(TASK ITEM): Each line from the top of the listing down to and including the line with "Skuespiller og sangerinde" must be duplicated exactly; pictures are to be skipped.
##### DATA SECTION #####
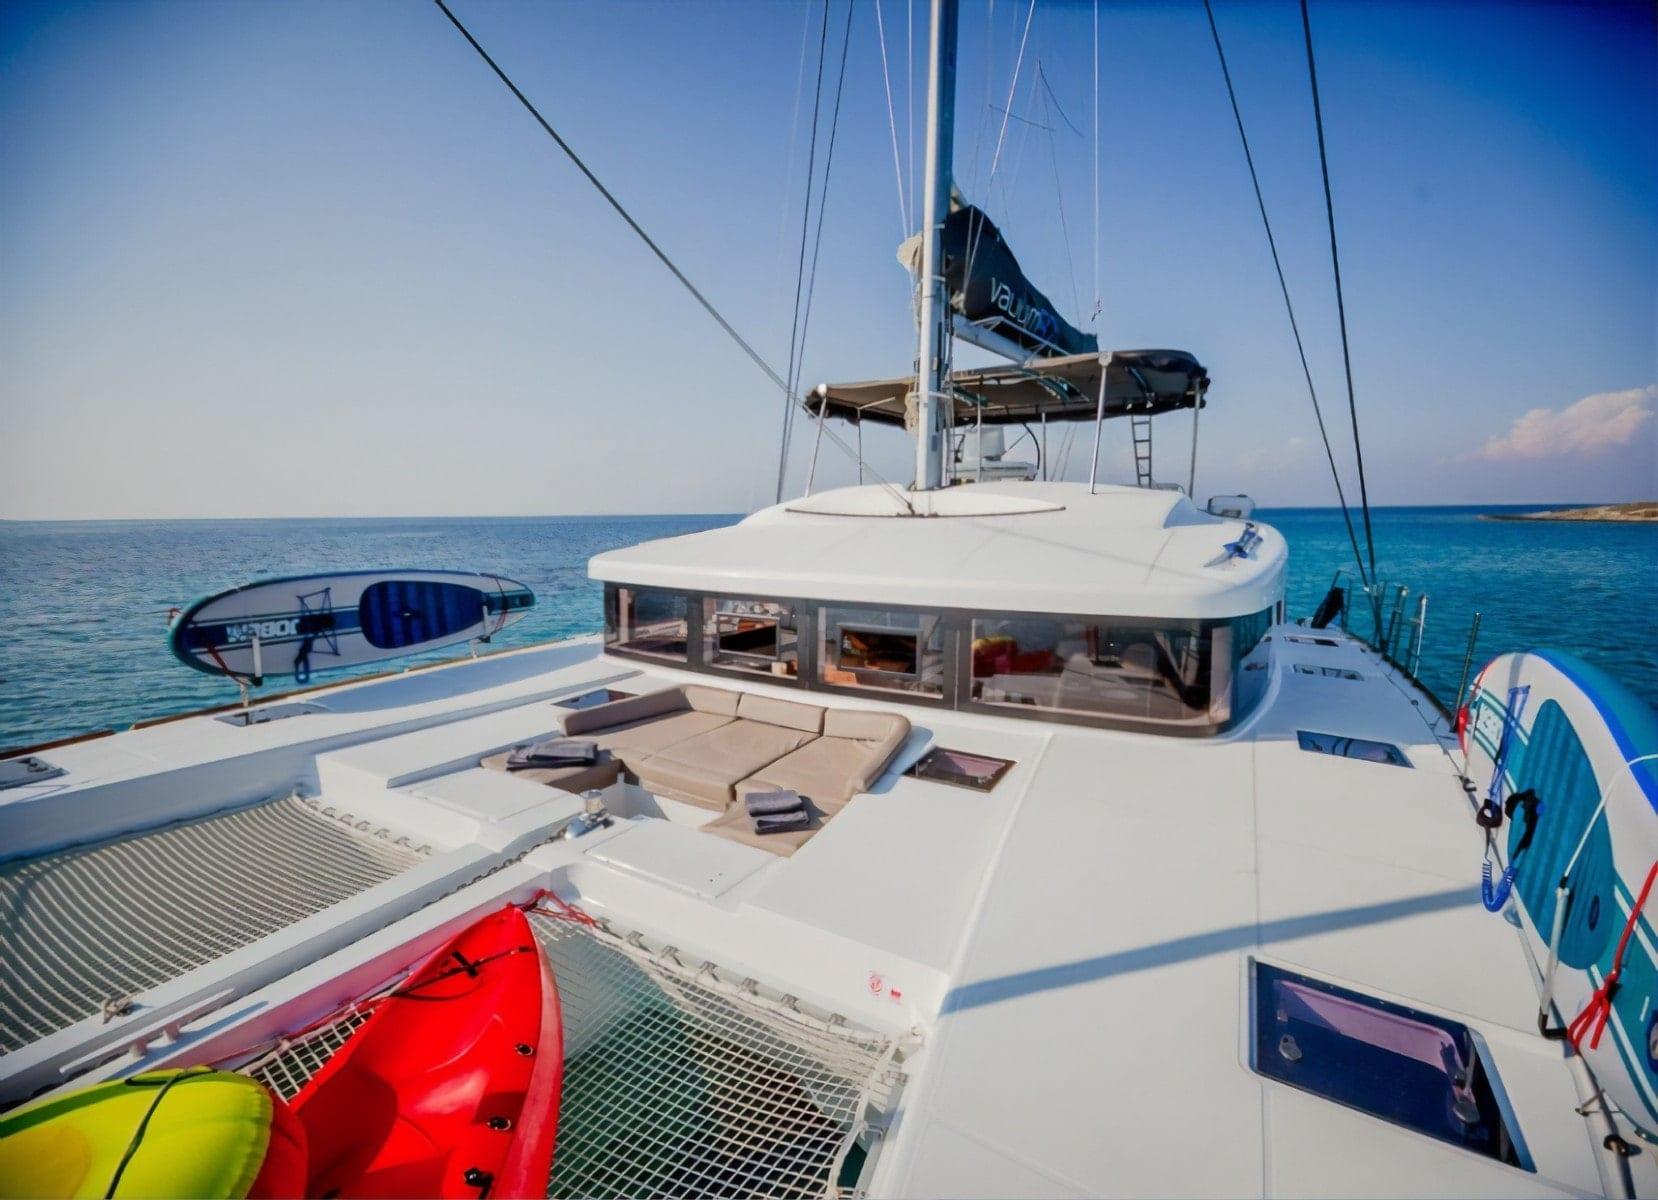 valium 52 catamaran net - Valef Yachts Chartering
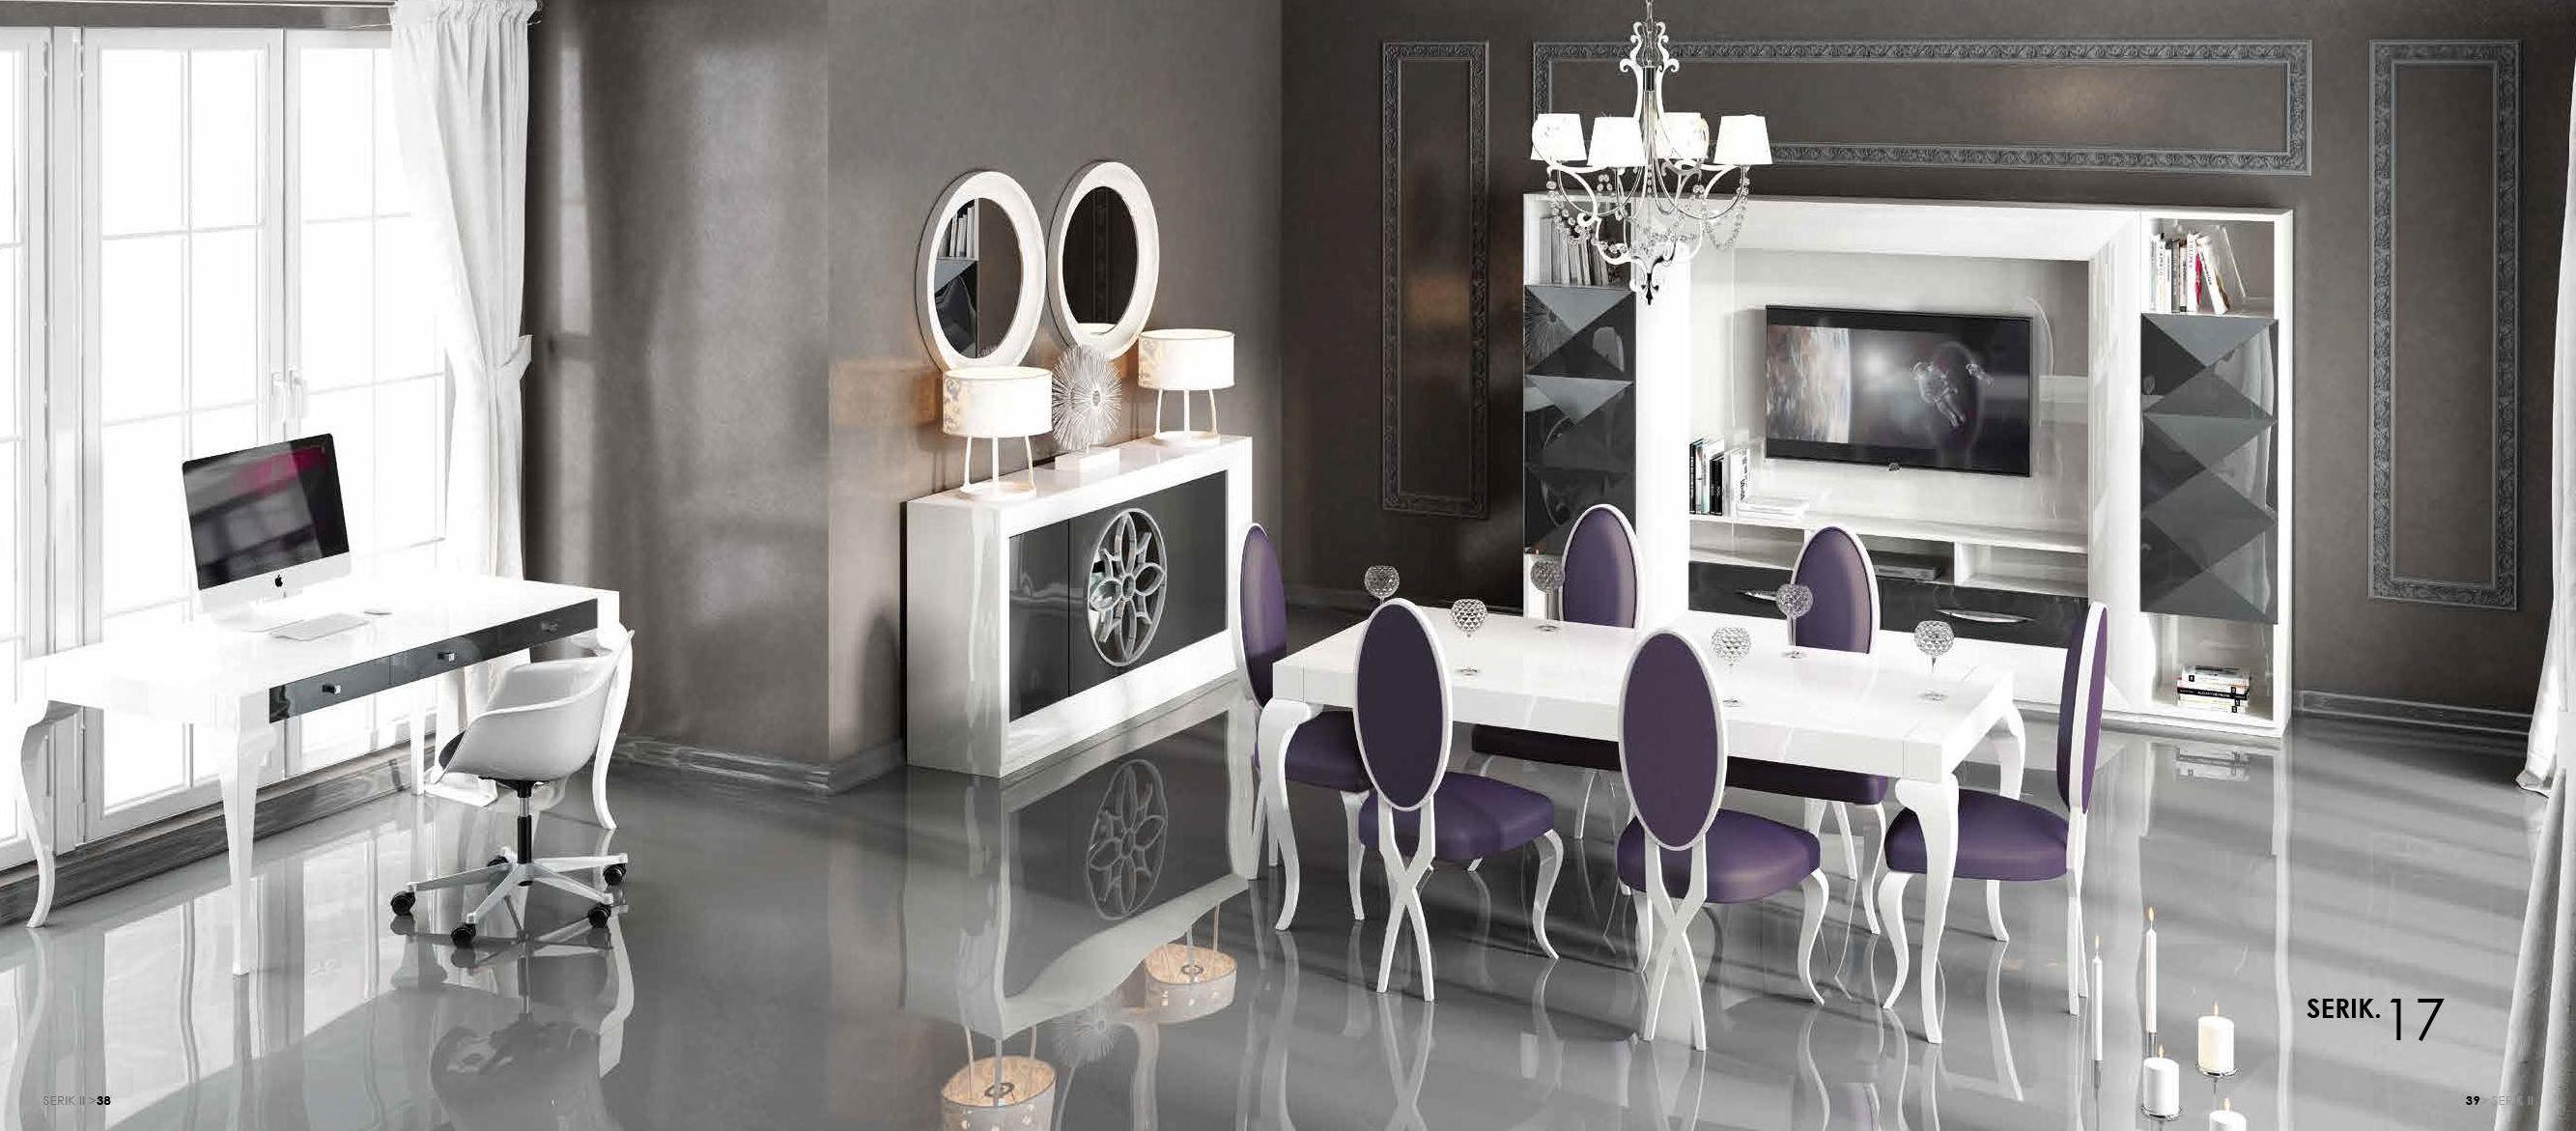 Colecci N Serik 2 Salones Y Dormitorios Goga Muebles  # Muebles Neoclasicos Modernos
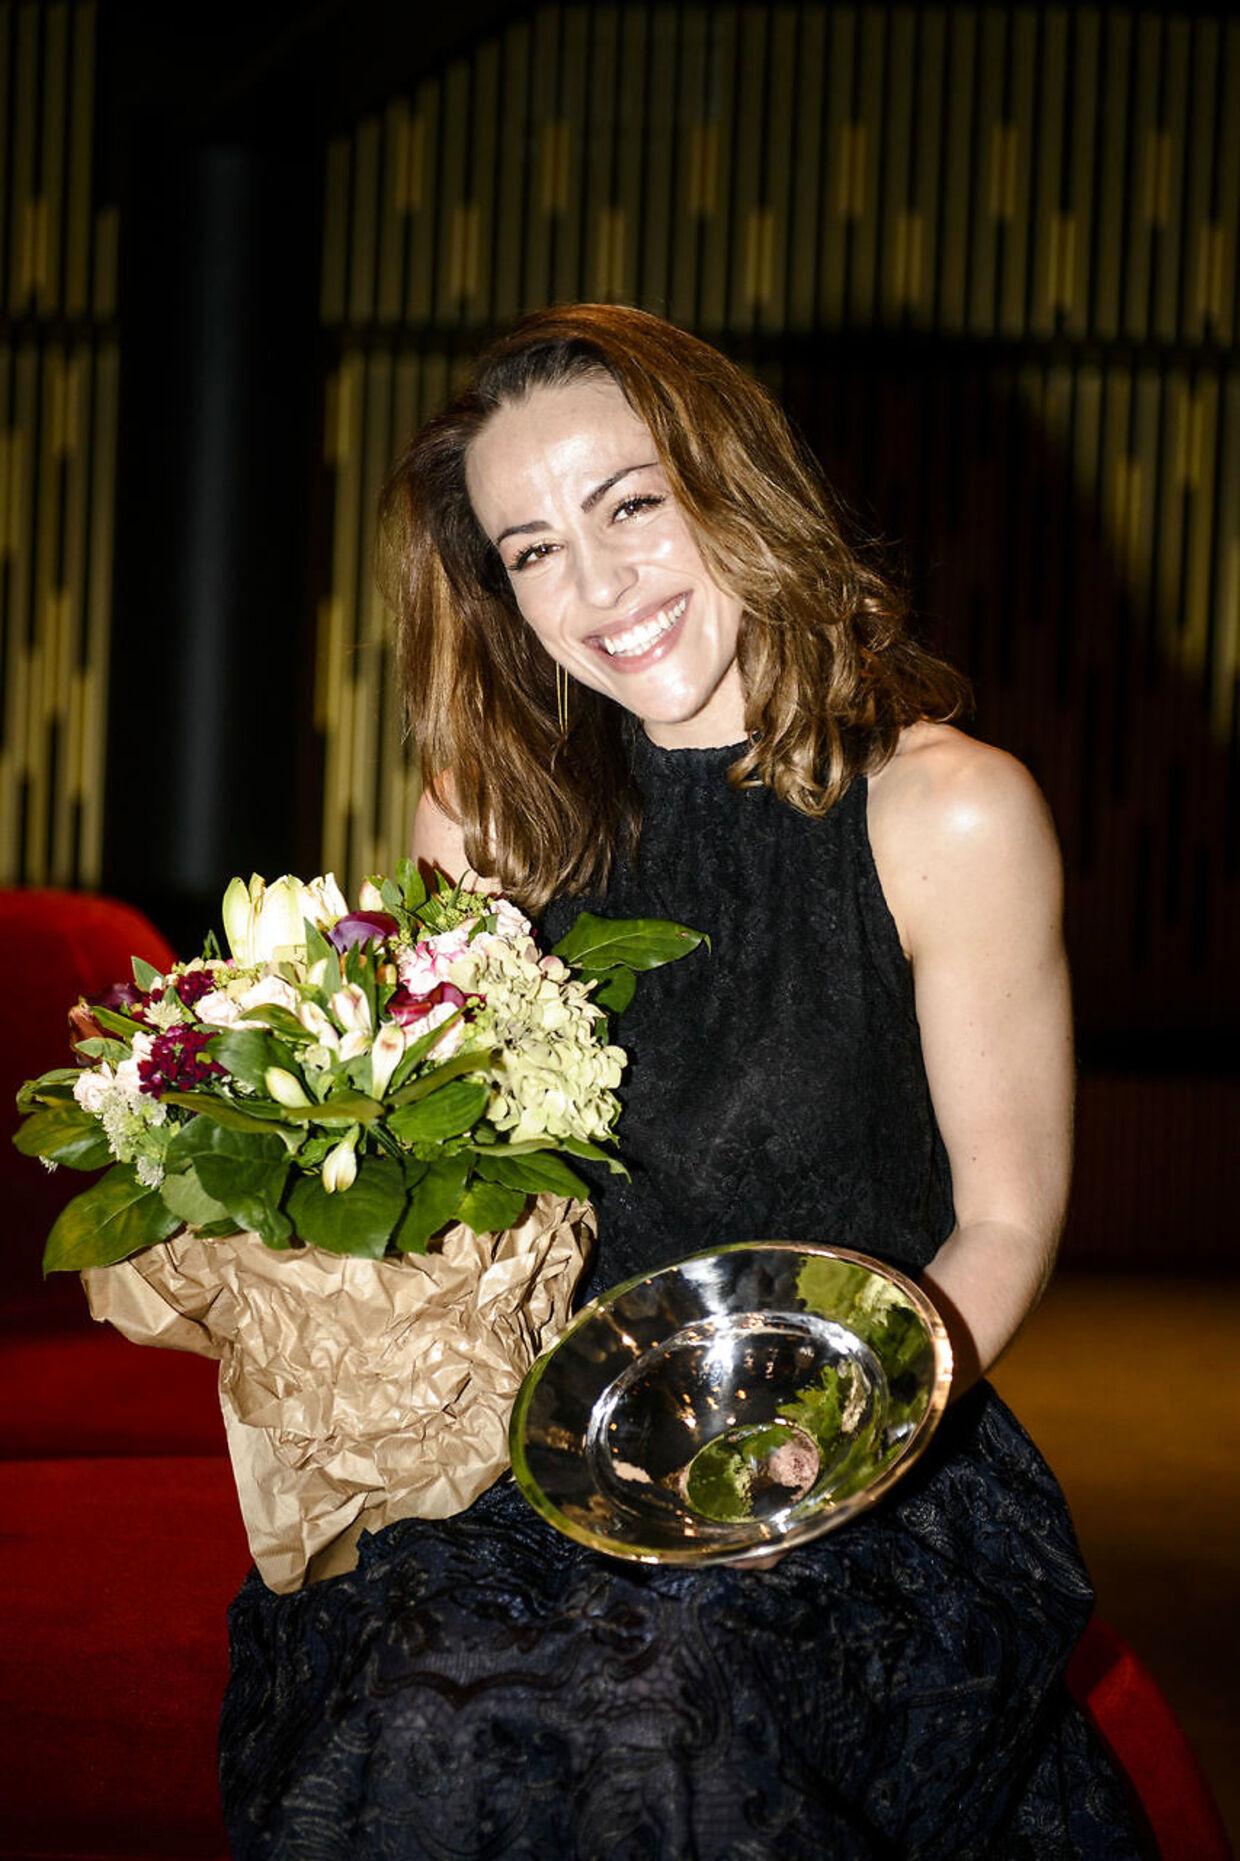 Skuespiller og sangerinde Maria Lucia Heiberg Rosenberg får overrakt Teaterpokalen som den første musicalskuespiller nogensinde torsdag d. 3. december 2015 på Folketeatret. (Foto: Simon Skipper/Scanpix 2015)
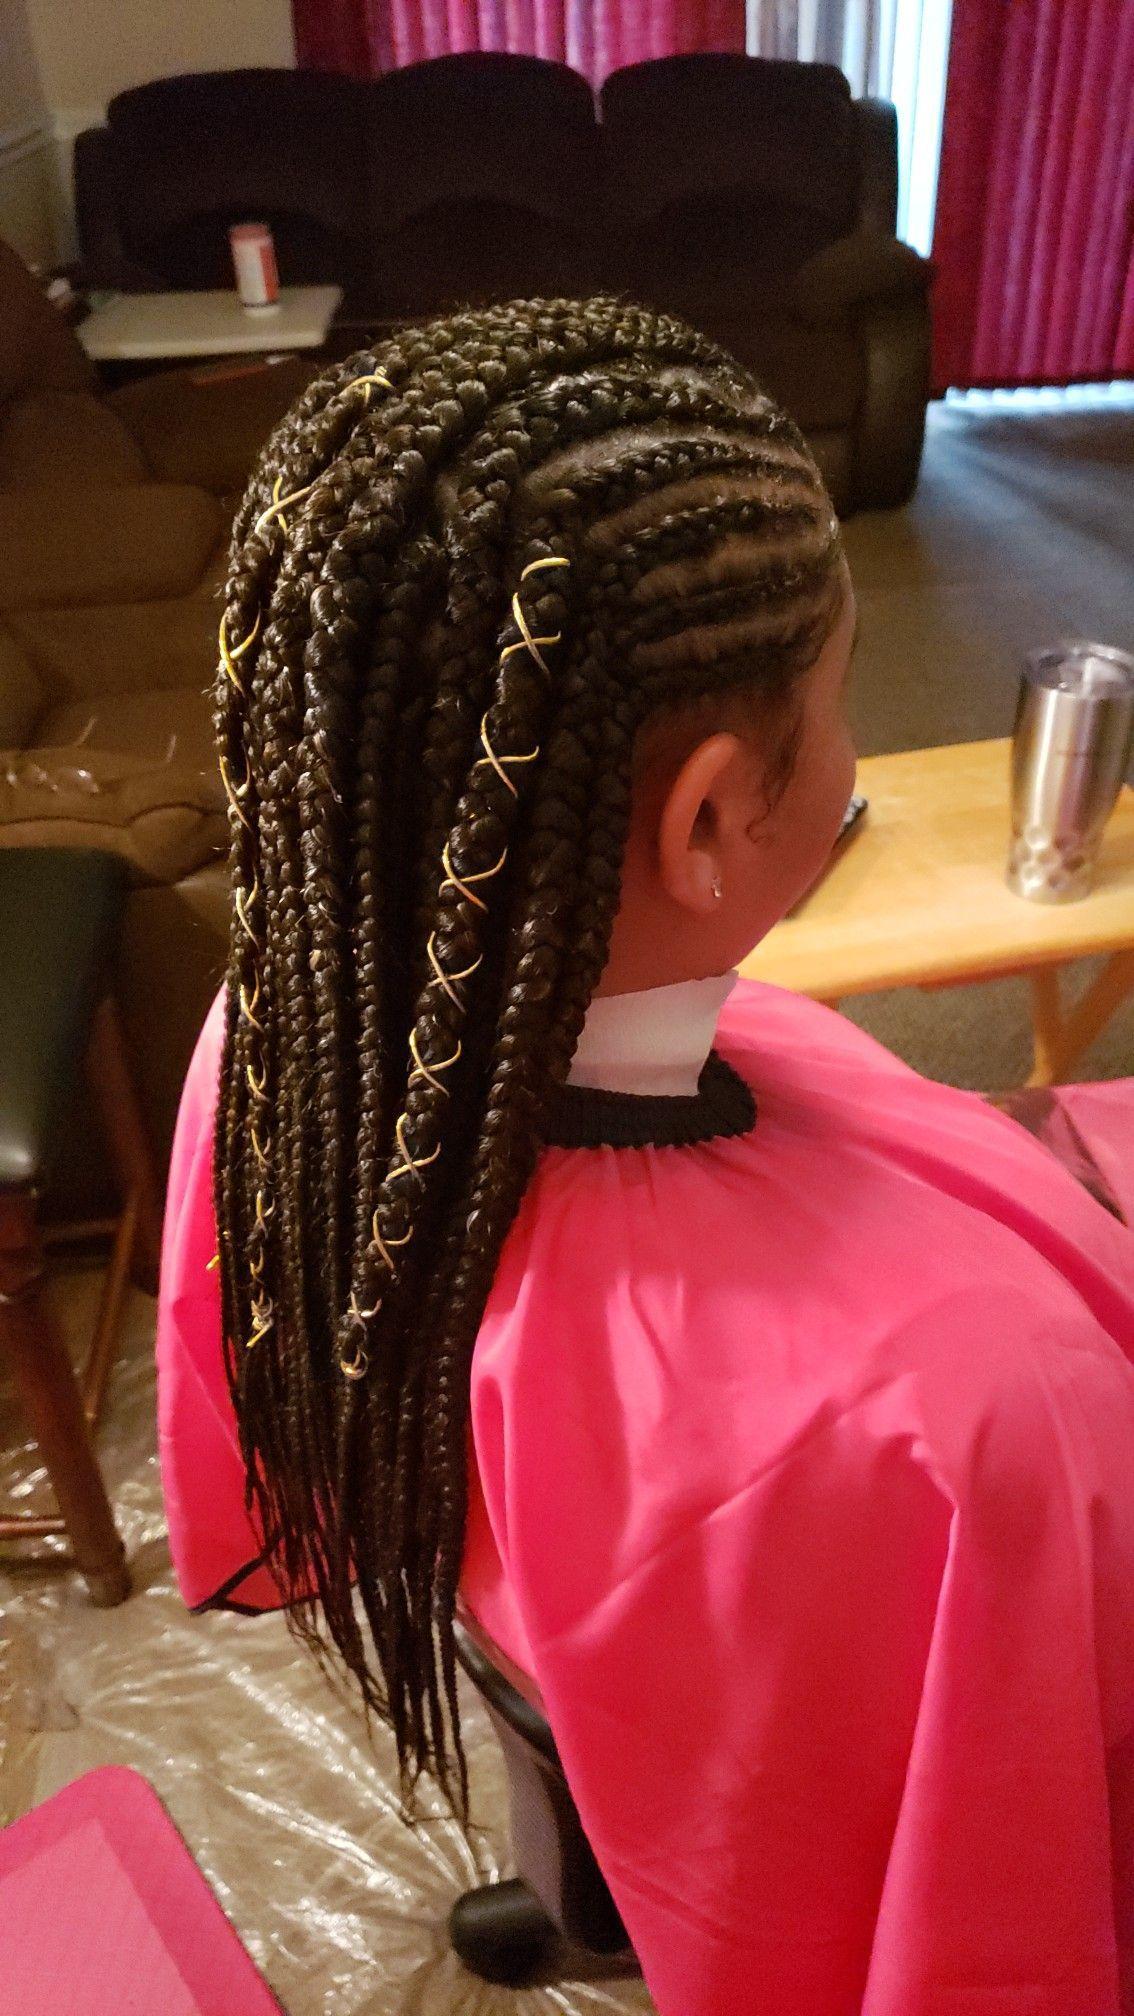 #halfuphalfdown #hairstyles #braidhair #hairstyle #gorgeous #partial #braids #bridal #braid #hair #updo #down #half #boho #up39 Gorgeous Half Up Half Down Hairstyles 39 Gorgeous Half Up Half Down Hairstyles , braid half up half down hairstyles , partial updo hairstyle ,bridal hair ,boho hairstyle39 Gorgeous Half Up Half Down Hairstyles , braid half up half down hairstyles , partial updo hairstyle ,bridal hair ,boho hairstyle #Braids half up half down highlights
#####
(SOLUTION TO THE PROBLEM):
 valium 52 catamaran net - Valef Yachts Chartering
 Colecci N Serik 2 Salones Y Dormitorios Goga Muebles  # Muebles Neoclasicos Modernos
 Skuespiller og sangerinde Maria Lucia Heiberg Rosenberg får overrakt Teaterpokalen som den første musicalskuespiller nogensinde torsdag d. 3. december 2015 på Folketeatret. (Foto: Simon Skipper/Scanpix 2015)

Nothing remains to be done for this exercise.